In the short run, that would mean lots of energy for Republicans in Congress and lots of Pepto-Bismol for Senate Majority Leader Harry Reid (D-Nev.) and Speaker Nancy Pelosi (D-Calif.). Republicans will believe that their strategy of uniting to block any and all Obama or Democratic initiatives was a resounding success and will intensify their efforts to keep all their Members in line. At the same time, vulnerable House and Senate Democrats, looking toward next year, are going to be much more nervous, and that makes corralling votes on health care reform, climate change or financial regulation more difficult — even as the need for party unity is greater than ever.

On the other hand, if Bill Owens (D) has prevailed in New York, after an embarrassing Republican divide, and Jon Corzine (D) has prevailed in New Jersey thanks in major part to an Independent candidate drawing votes from Republican Chris Christie, the prevailing storyline will be how Republican fratricide and conservative pugnacity blew a big chance for a party win. While that will not energize vulnerable freshman Democrats or skeptical Blue Dogs to stay with their party on tough votes, it will not add to their underlying nervousness and may make it easier for Reid, Pelosi and Rahm Emanuel to keep the troops in line.
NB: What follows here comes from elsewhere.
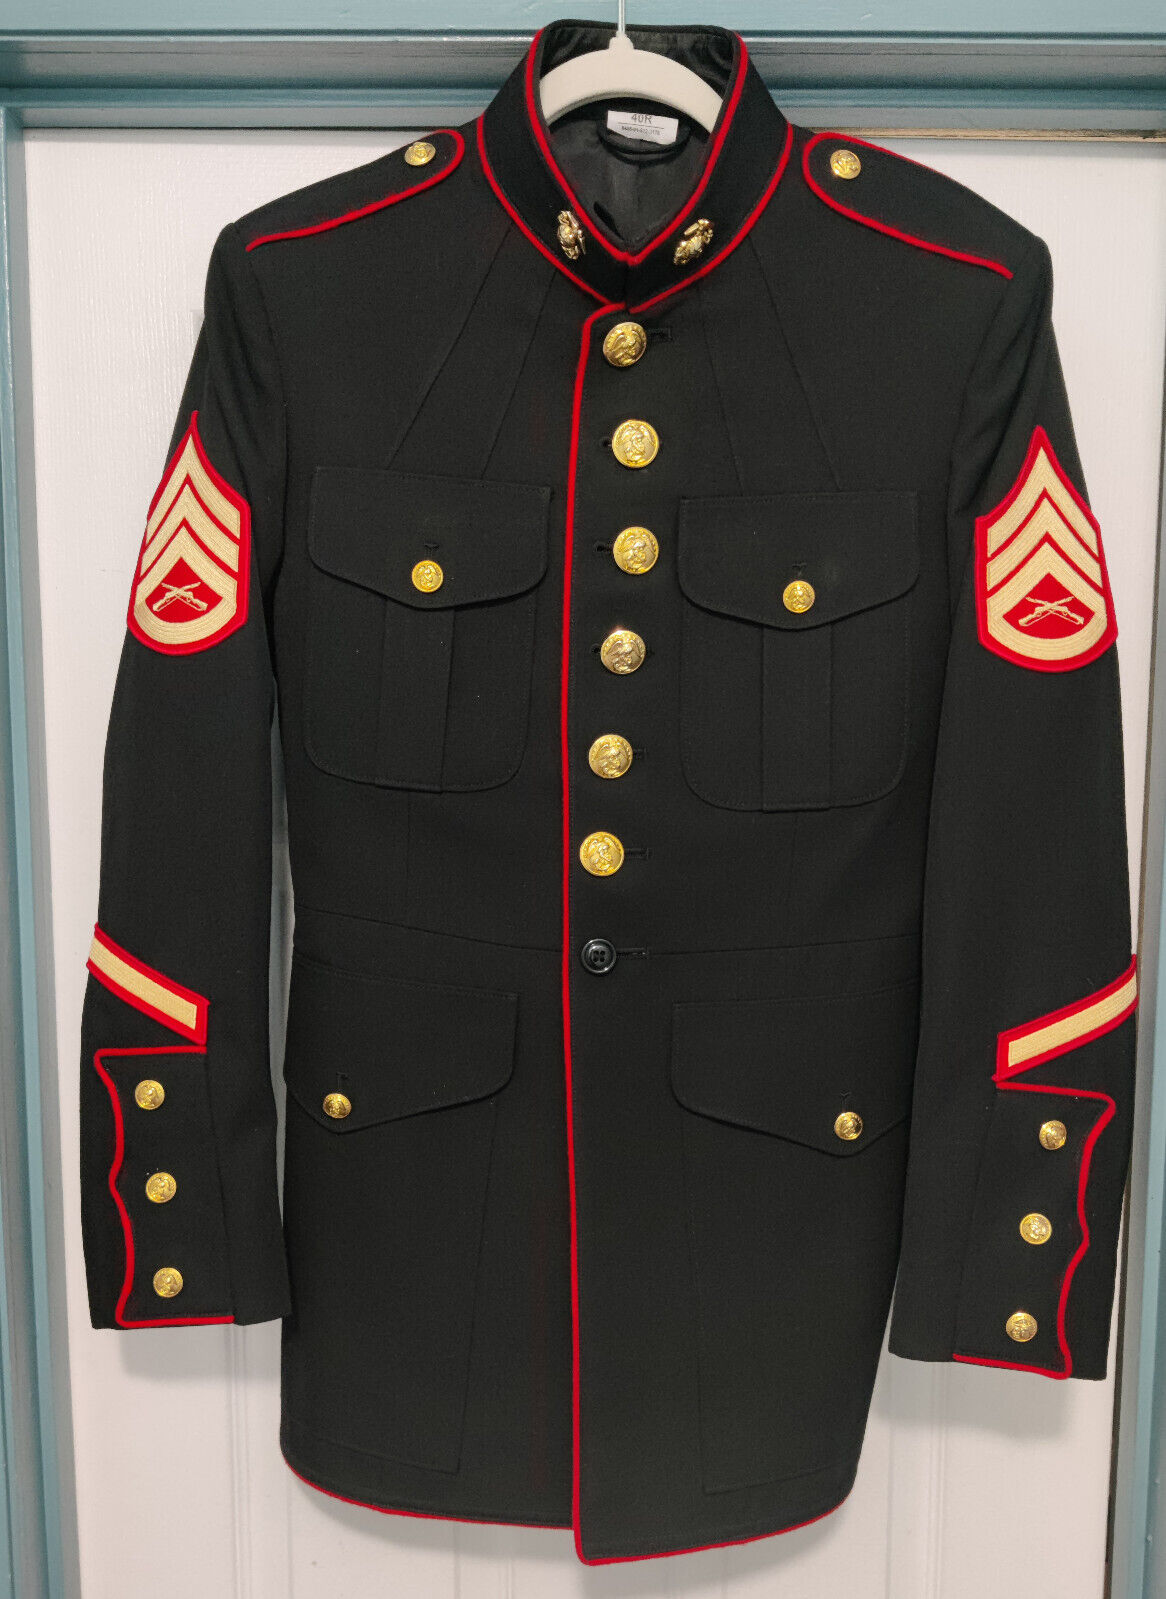 USMC Marine Corps Dress Blues Jacket 40R - Excellent Condition

Despite the big push by Democrats to get Owens over the top in New York, I am sure there are some Democratic strategists who would be secretly happy if Doug Hoffman, the Conservative Party nominee, won. A Hoffman victory would mobilize many more arch-conservative candidates to take on moderate Republicans in primaries or by trying to get on the ballot on a third-party or independent line. Of course, few states are as amenable to such challenges as New York. But each challenge drains party resources and splits supporters. If I were heading up the Democratic Congressional Campaign Committee or the Democratic Senatorial Campaign Committee, I might be tempted to try to get some of my most ardent supporters to channel money to the Club for Growth to encourage more such challenges.

Nothing important has changed directly in Congress from Tuesday to Wednesday. But the indirect implications of these elections could be considerable, and very interesting for us Congress-watchers.

Norman Ornstein is a resident scholar at the American Enterprise Institute.